The Luminaries – Eleanor Catton

Granta Books (2013)
I have just completed reading this 800+ page novel.

ABOVE IS MY OWN NATAL CHART (18 January 1948, 5.40 pm, Essex, England)

So you can see I was destined to read this novel during the last couple of weeks! And reading it particularly while I was on holiday last week in serendipitous search of Lichfield Cathedral and its inverse astrology as God’s anchor (see HERE).

Just like Catton’s woman ‘of the oldest profession’ was anchored with her dresses by linings of earth’s hawling innards (seen here as gold).

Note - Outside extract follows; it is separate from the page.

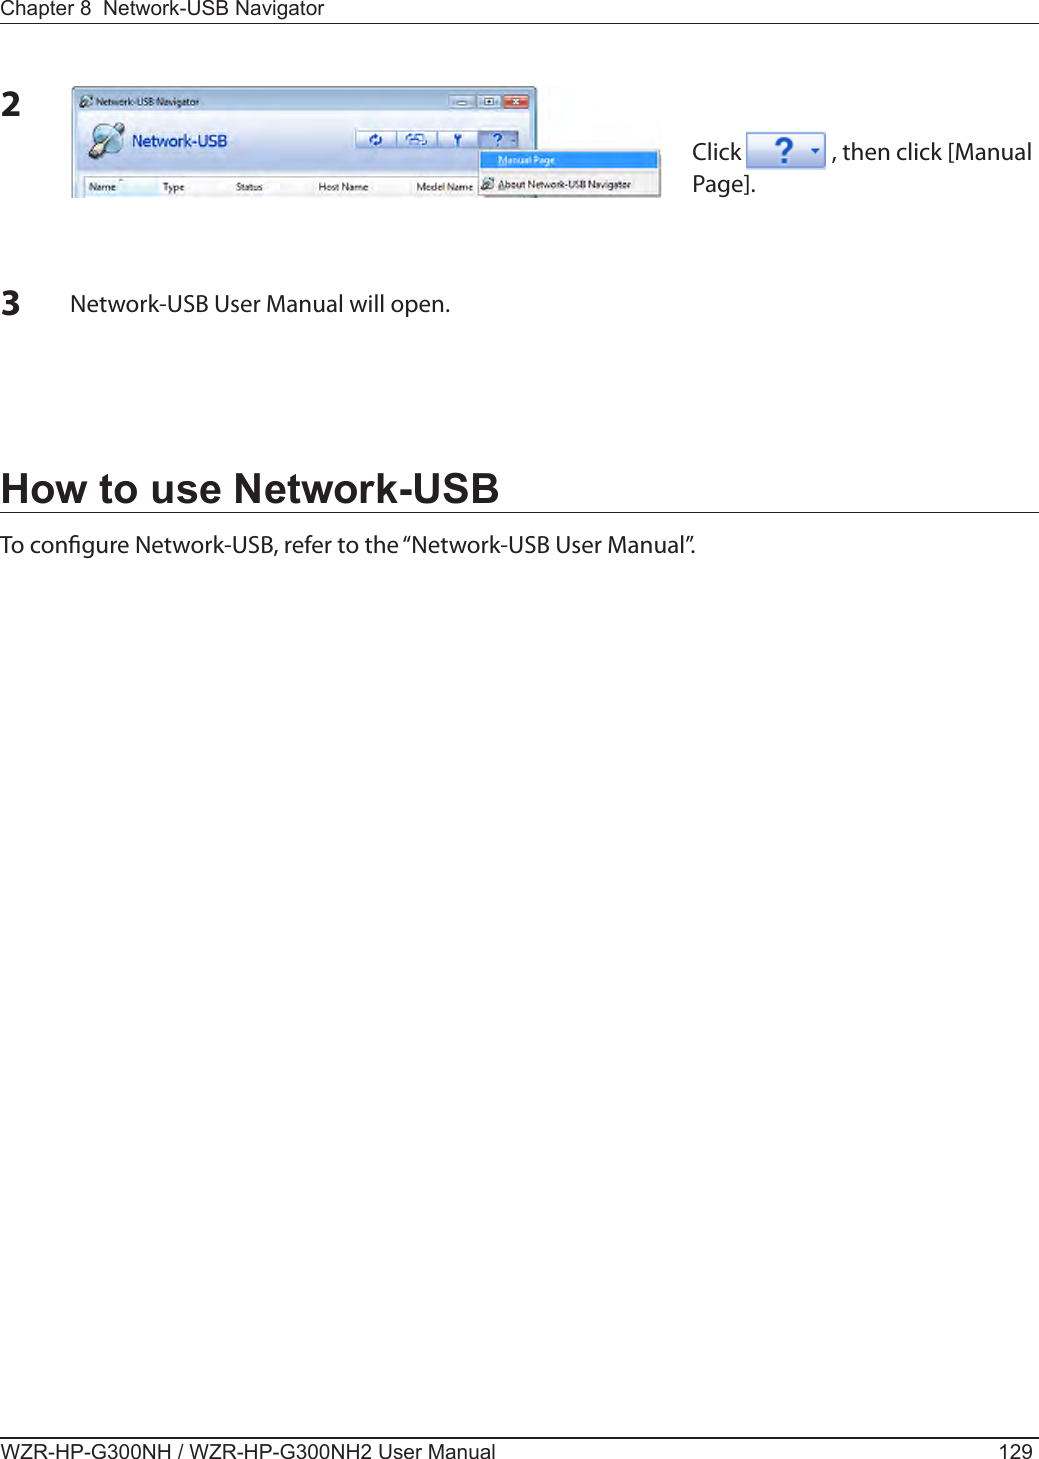 Chapter 8  Network-USB NavigatorWZR-HP-G300NH / WZR-HP-G300NH2 User Manual 129How to use Network-USBTo congure Network-USB, refer to the “Network-USB User Manual”.2Click   , then click [Manual Page]. 3Network-USB User Manual will open.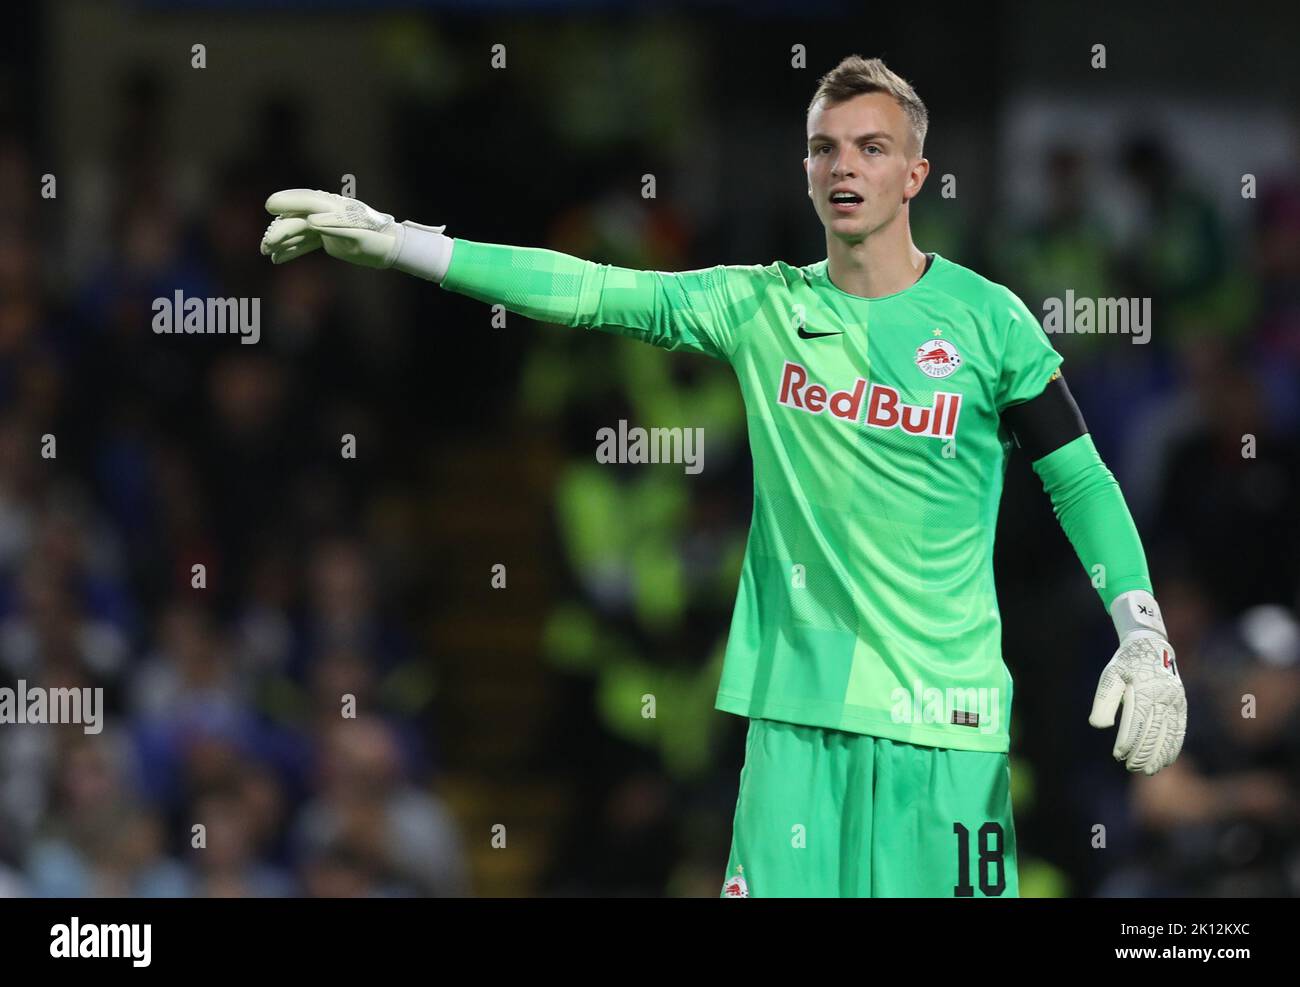 London, England, 14th September 2022. Philipp Köhn of Red Bull Salzburg during the UEFA Champions League match at Stamford Bridge, London. Picture credit should read: Paul Terry / Sportimage Stock Photo

I enjoyed this novel, too, as a spin-off! I was compelled along by the limpid, often aesthetically and enticingly dry, tentacular, prose – and the complexity of the semi-astrological whodunnit plot that didn’t seem to matter when parts of it went above my head. I understood it all by the time I finished this massive work, or at least part of me understood the whole of it, understood and absorbed the literary ‘opium’ of this traditional but ground-breaking (literally and figuratively) novel about gold-diggers in 19th century New Zealand. Intrigue, politics (politics mundane, hallucinatory, institutional and sexual), an inferred mysticism akin to John Cowper Powys, greed, goodness, badness, Jungian synchronicity as well as retrocausality by effect, and more, as if the ground we walk upon is paradoxically both our anchoring fate and our model to mould. A fictional truth, if ever such a concept can exist as closely to that of this novel. A novel exponentially spinning away chapter by chapter to the optimum core.